Sometimes you wonder if wealth is worth being married to a man twice your age who seeks his youth between the thighs of every cocktail waitress that catches his eye. Usually, you can shake the feeling by congratulating yourself for not ending up a Peck Street whore.
You sit at the dressing table brushing your hair. Bobby comes into your room. “My fiancée said you gave her this.” The bank envelope you’d given Mattie Jacks is in his hand. “There’s fifty thousand dollars inside. She said you’d given it to us. As a wedding present I hope?”
You put your hairbrush down and face him. “I had to know if she really loves you.”

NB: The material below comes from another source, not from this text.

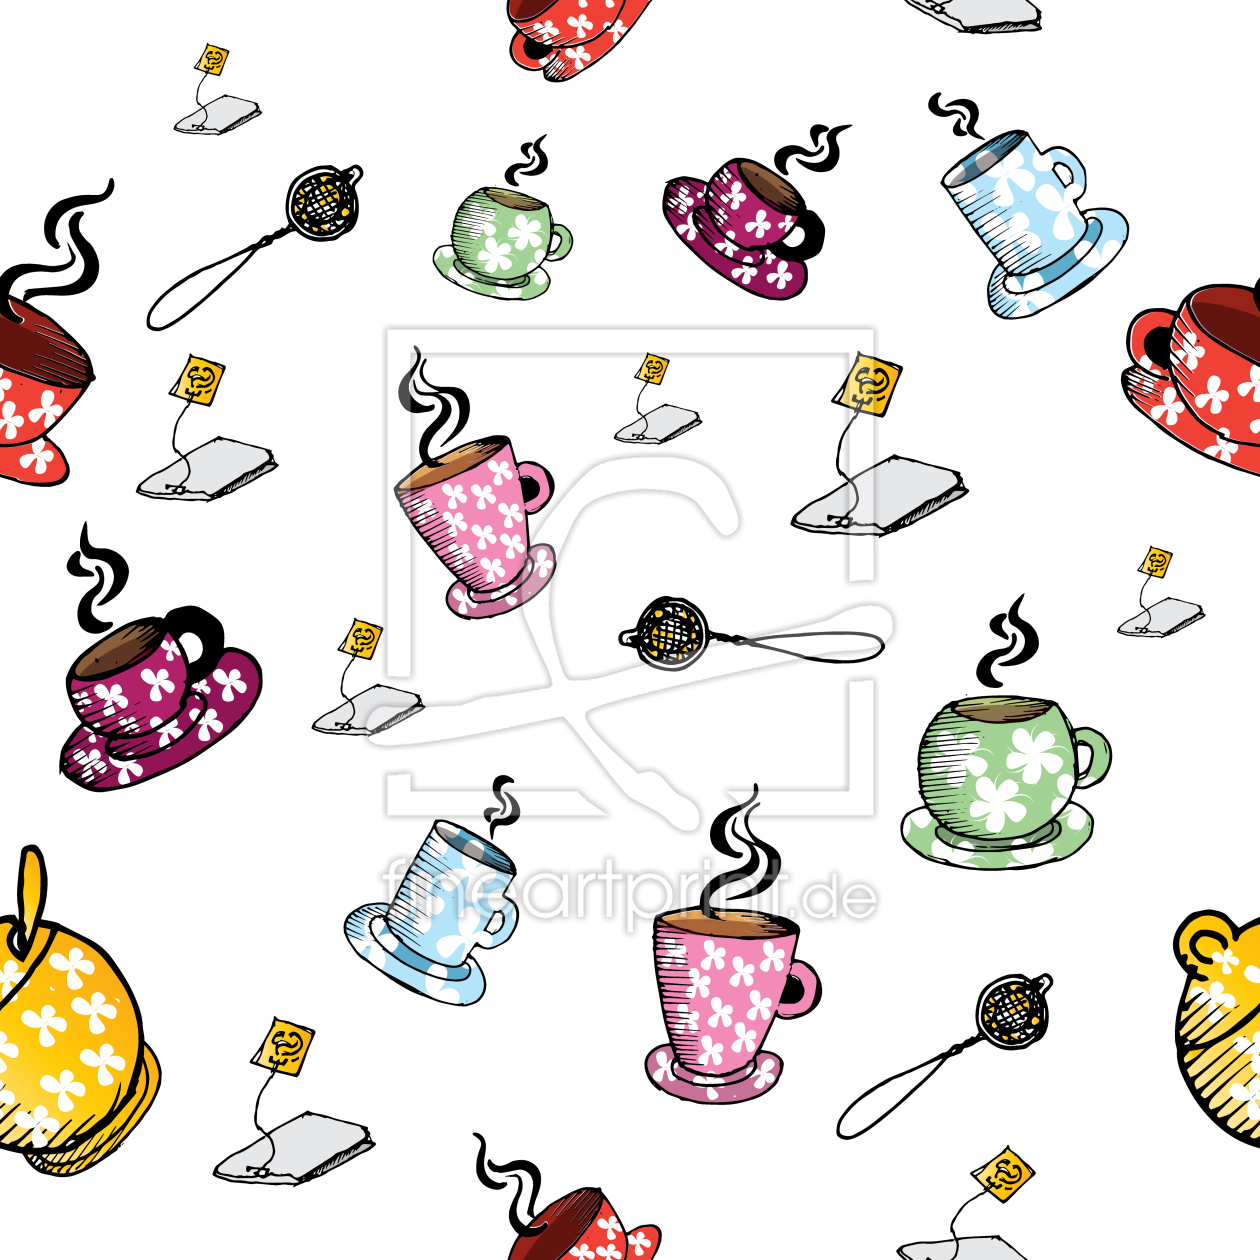 Bild-Nr.: 9007746 Tea-Time mit Freunden erstellt von patterndesigns-com

“You don’t trust my judgment?”
You pat the vanity bench and wait while he sits beside you. “Sometimes you remind me very much of your father.”
“That’s funny, he says I remind him of you.”
“I was trying to spare you living my life.”
“That’s what Mattie said.”
“Disinheriting you would probably be the kindest thing to do.”
“It wouldn’t keep us from marrying.”
“Then when is the wedding to be?”
“Are you going to attend?”
“I’m hoping you’ll have it here.”
“Here?”
“In the garden. If Mattie agrees.”
“Are you giving us your blessing?”
“Yes. Yes I am.” You smile. “I’m having a dinner party here next Thursday night. I’d like you and Mattie to attend.”
“Forgive me for asking, Mother, but are you doing this to welcome Mattie or prove she won’t fit in?”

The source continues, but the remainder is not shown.